Op donderdag post Misericordias Dm. 1543 comparuerunt Henrick van Zutphen met recht gebaad en Gaert Janss met recht besat om een getuig der waarheid te geven en tuigen dat zij daar bij over en aan geweest zijn in Henrickx voorzegd huis binnen Arnhem en een koop hebben helpen maken tussen Rutger Tolleken, Borchart Hoeffsmijt en Henrick van Eijck van Maesboemell als van haver, die dezelve Henrock van Eijck Rutger en Borchart voorzegd verkocht heeft in hun bijwezen en dat Henrick van Eijck voorzegd Rutger en Borchart voorzegd beloofde de haver vóór Nijmegen te leveren uit zijn schip in Rutgers en Borcharts voorzegd schepen; en de koop van deze haver is geschied op de 4e dag april naastleden.
6a post Remigii 1543 comparuerunt Rutger Tollicken, Wijlhem Maess en Stheven Smijt met recht gebaad etc. en hebben getuigd en gezegd dat zij daar bij over en aan geweest zijn dat Egbert van Bueren van Geertruijt van Hern gekocht heeft een huis en hofstad, gelegen in de Ketelstraat, en dat bewoont, voor 300 rijder gl. min. 25 derzelver gl. met zulke voorwaarden dat zij na de koop, die geschiedde in de week vóór Sunte Jan te midzomer, in de andere week daarna malkander opdracht doen en voldoen zouden naar recht en gewoonte der stad Arnhem, en dat Geertruijt in datzelve huis zou blijven wonen bis Sunt Victor en des zou zij de uitgang van die tijd betalen; en dit voorzegde hebben zij getuigd en gezegd bij dezelve eed, die zij onze genedige lieve heer en de stad Arnhem gedaan hebben.

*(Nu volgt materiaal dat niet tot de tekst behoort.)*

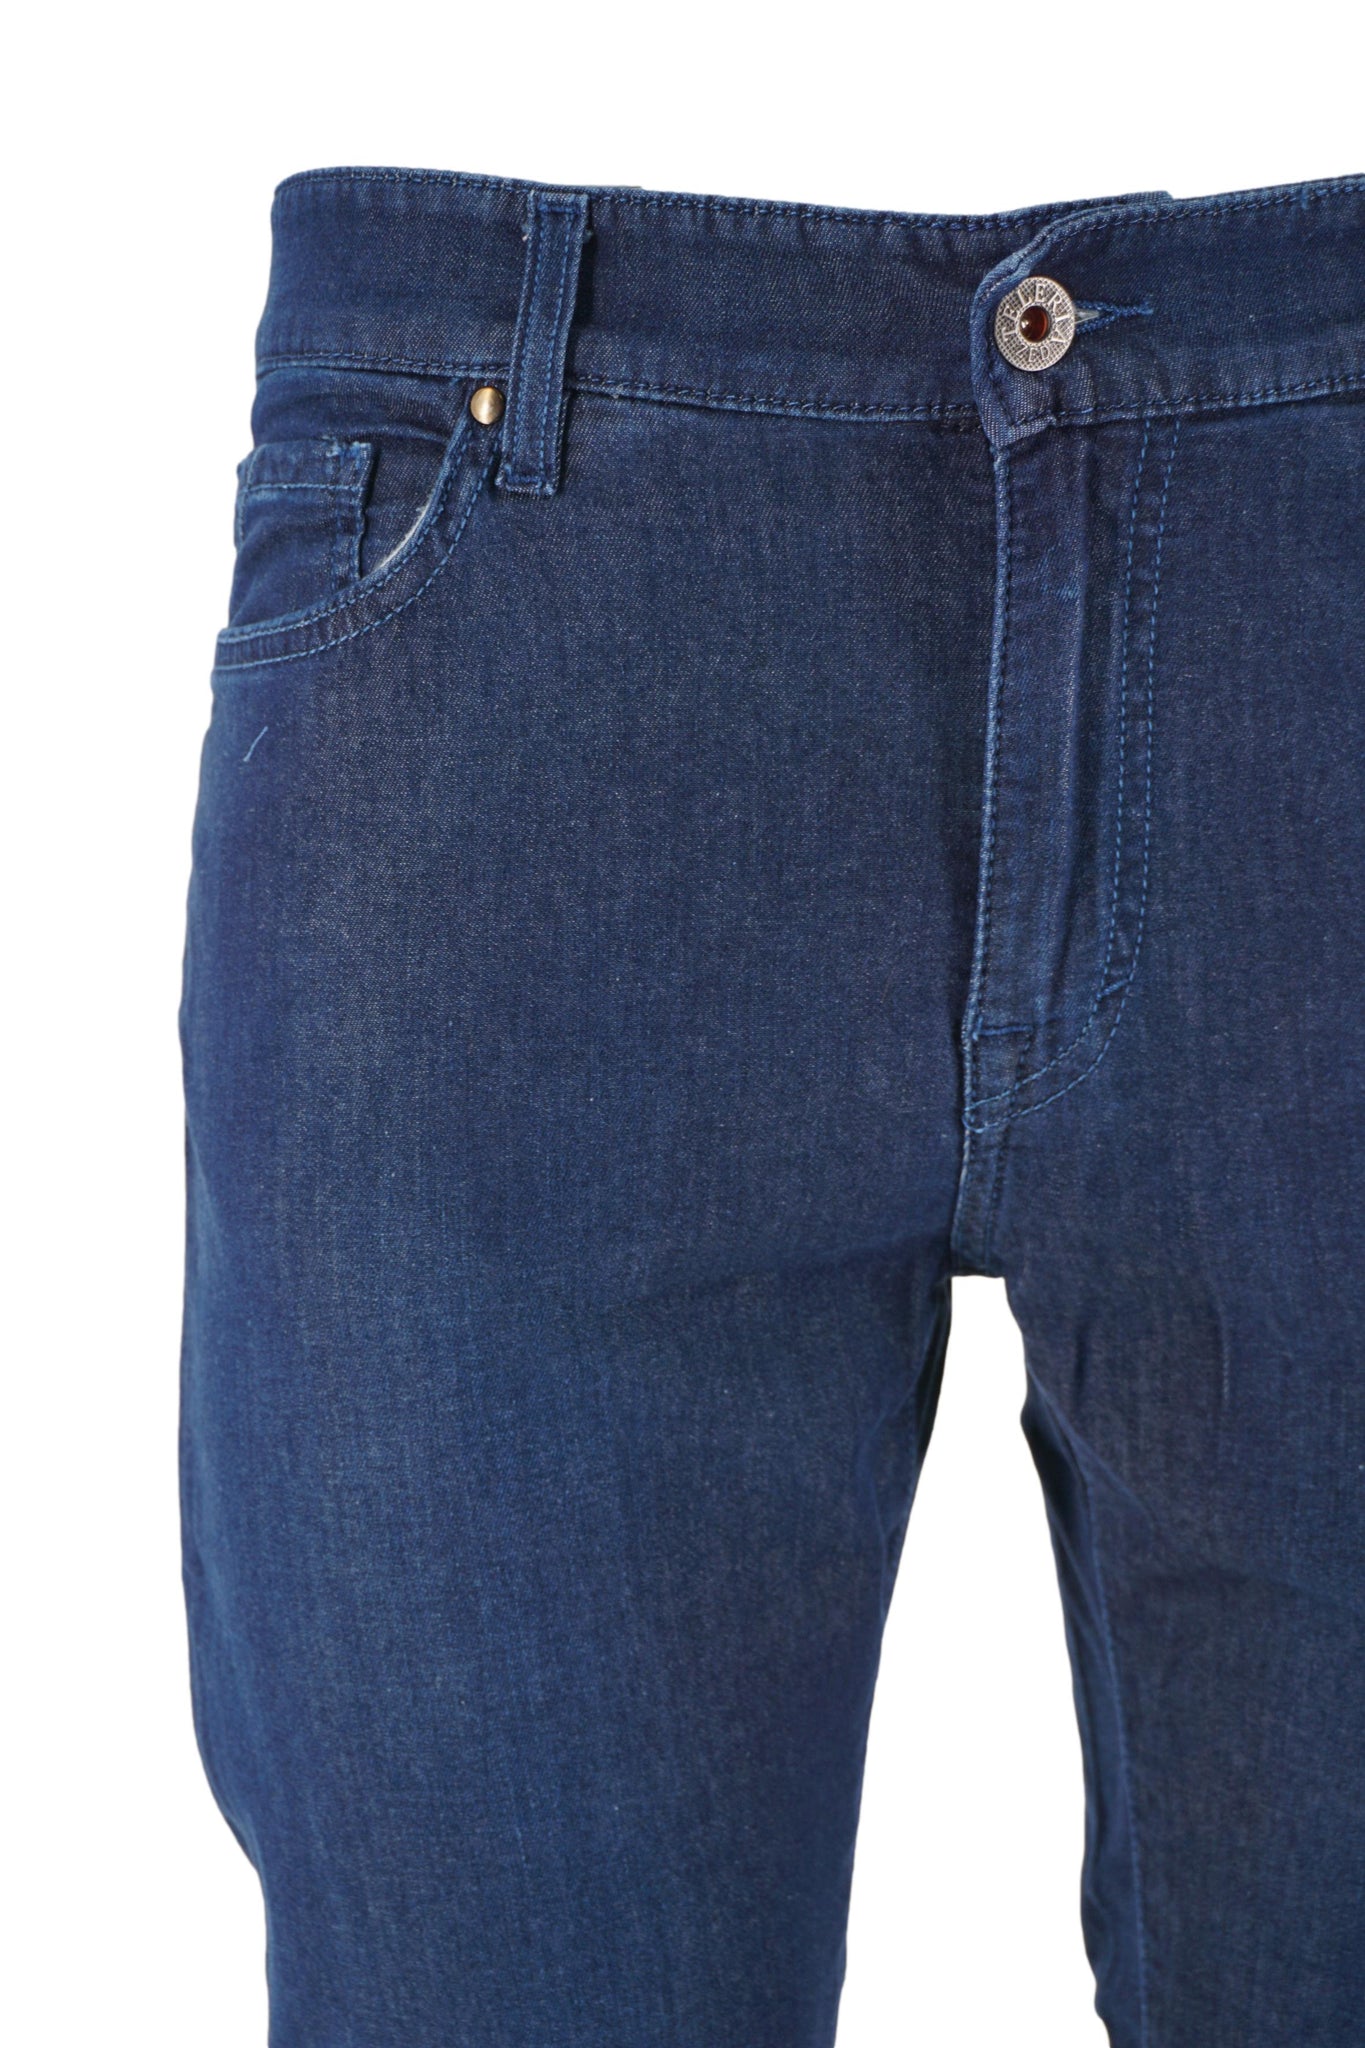 Jeans Leggero Lavaggio Scuro / Jeans - Ideal Moda

Quarta post Trinitatis 1545 heeft Jan Bongart, tolner, met zijn vrije wil bekend dat hem heer Wijlhem en Johan Bongarts, gebroeders, voorts Evert Gamans en Else, zijn echte wijf, Rutger Tollicken en Nael, zijn echte wijf, goedlijk en wel uitgericht, vernoegd en betaald hebben alle versterf, erf en nagelaten goed, reed en onreed, niet daarvan uitgescheiden als hun aangekomen en aanbestorven is overmits dode van zal. (Geridt) Pijn, Mechtelt Pijn en Getruijt Pijn, ge..en bedankte zich daarvan goeder uitrichting en betaling en bekende nil juris.

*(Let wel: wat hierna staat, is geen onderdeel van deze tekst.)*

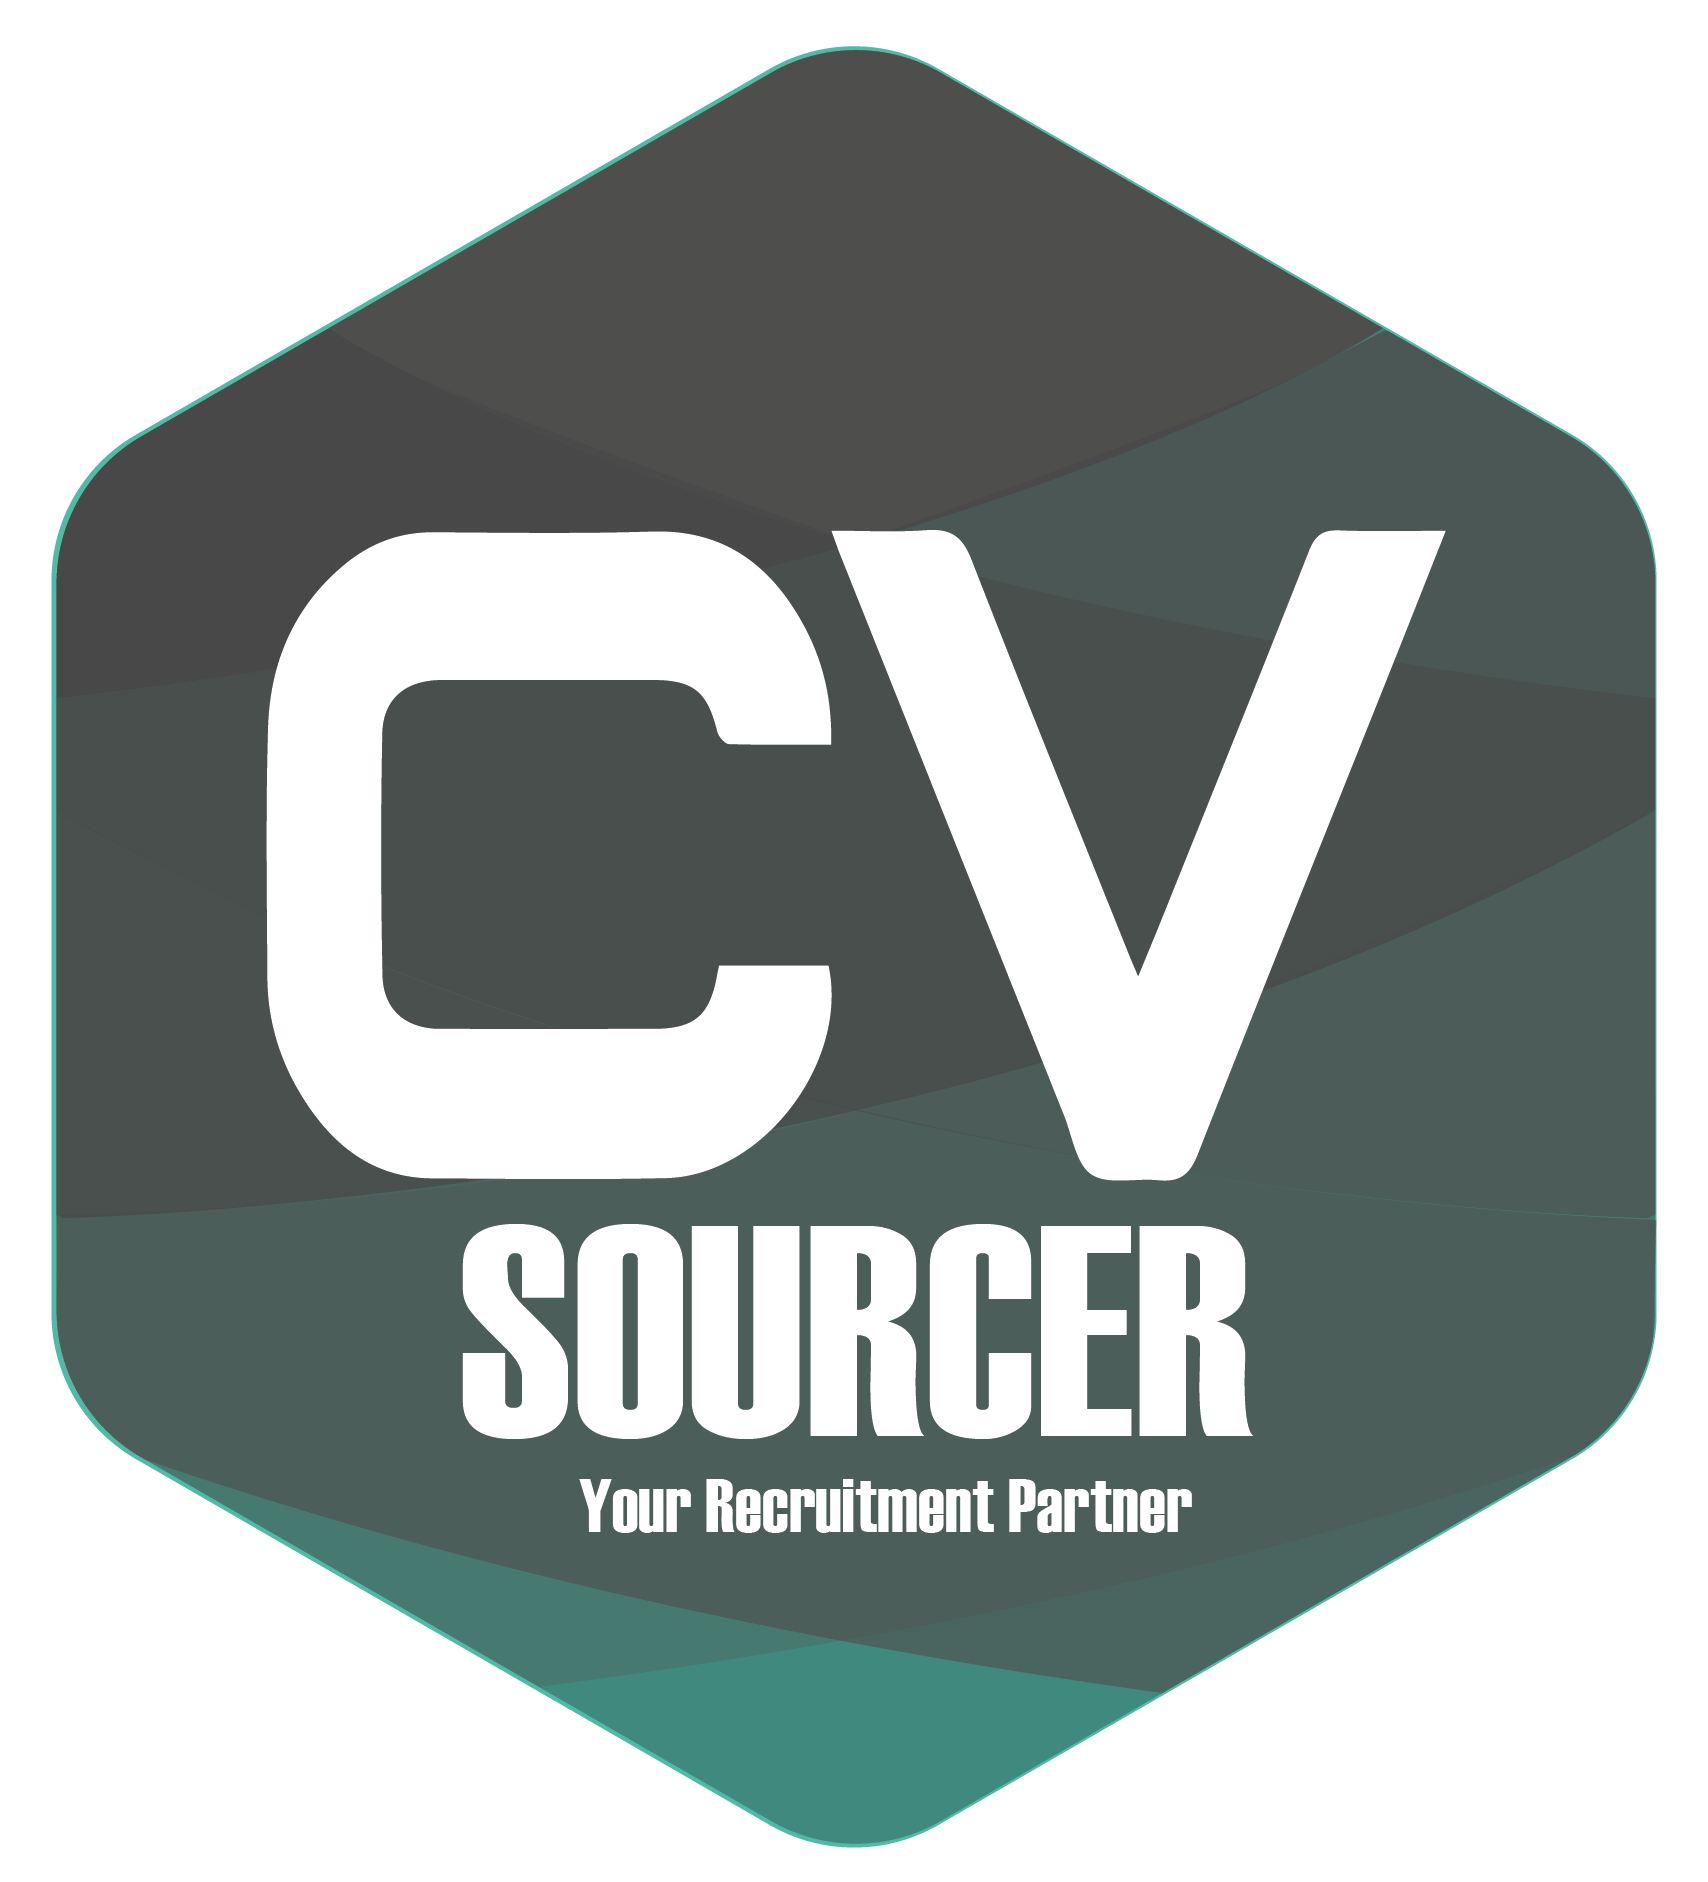 CV Sourcer

In precedanijs (Dm.) Martini 1546 comparuerunt Jacob van Schevickhaven en Rutger Tolleken met recht gebaad etc. en hebben getuigd dat zij daar bij over en aan geweest zijn waar Thomas Roest Micharius de Veruwer een huis en hofstad verhuurde, gelegen op de Beek, met voorwaarde dat Thomas hem de brug en afdak maken zou dat Micharius daar geen gebrek bij had, en heeft hem een hoek op zijn plaats gewezen waar hij zijn ”veruwe morss” leggen zou dat Thomas alsdan, zover hij wilde, op zijn land voeren zou; anders zou dat Micharius op zijn kosten weg doen voeren en hebben niet gehoord dat Thomas Micharius beloofd heeft dat hij daar ”veruwen” of niet ”veruwen” zou en Thomas zou de overste zolder houden tot zijn schoonste en deze huur zou staan 6 jaar, 3 jaar vast, elk jaar voor tiendehalve Phls. gl., 25 gevaluerde stuiver brab. voor de gl., en wie dat niet geliefde, zou de één dat de ander een half jaar voor dat leste jaar tevorens opzeggen.

Op vrijdag post Exaudi 1548 Jan Haeze en Berta, zijn vrouw, sub et re Rutger Tolleken als een toevenger en in behoef zijns vaders en moeders Arnt Tolleken en Stijna, zijn vrouw, 6 gelrese rijder gl. ’s jaars uit hun huis en hofstede, gelegen in de Oeverstraat, Henrick Hoick ab una en Gerijt Koickenbecker zal. ab alia, te betalen nu te Pinksteren na datum ’s briefs naastkomende over een jaar eerstaan en zo voort en te lossen met 100 gelrese rijder gl. paijments enz.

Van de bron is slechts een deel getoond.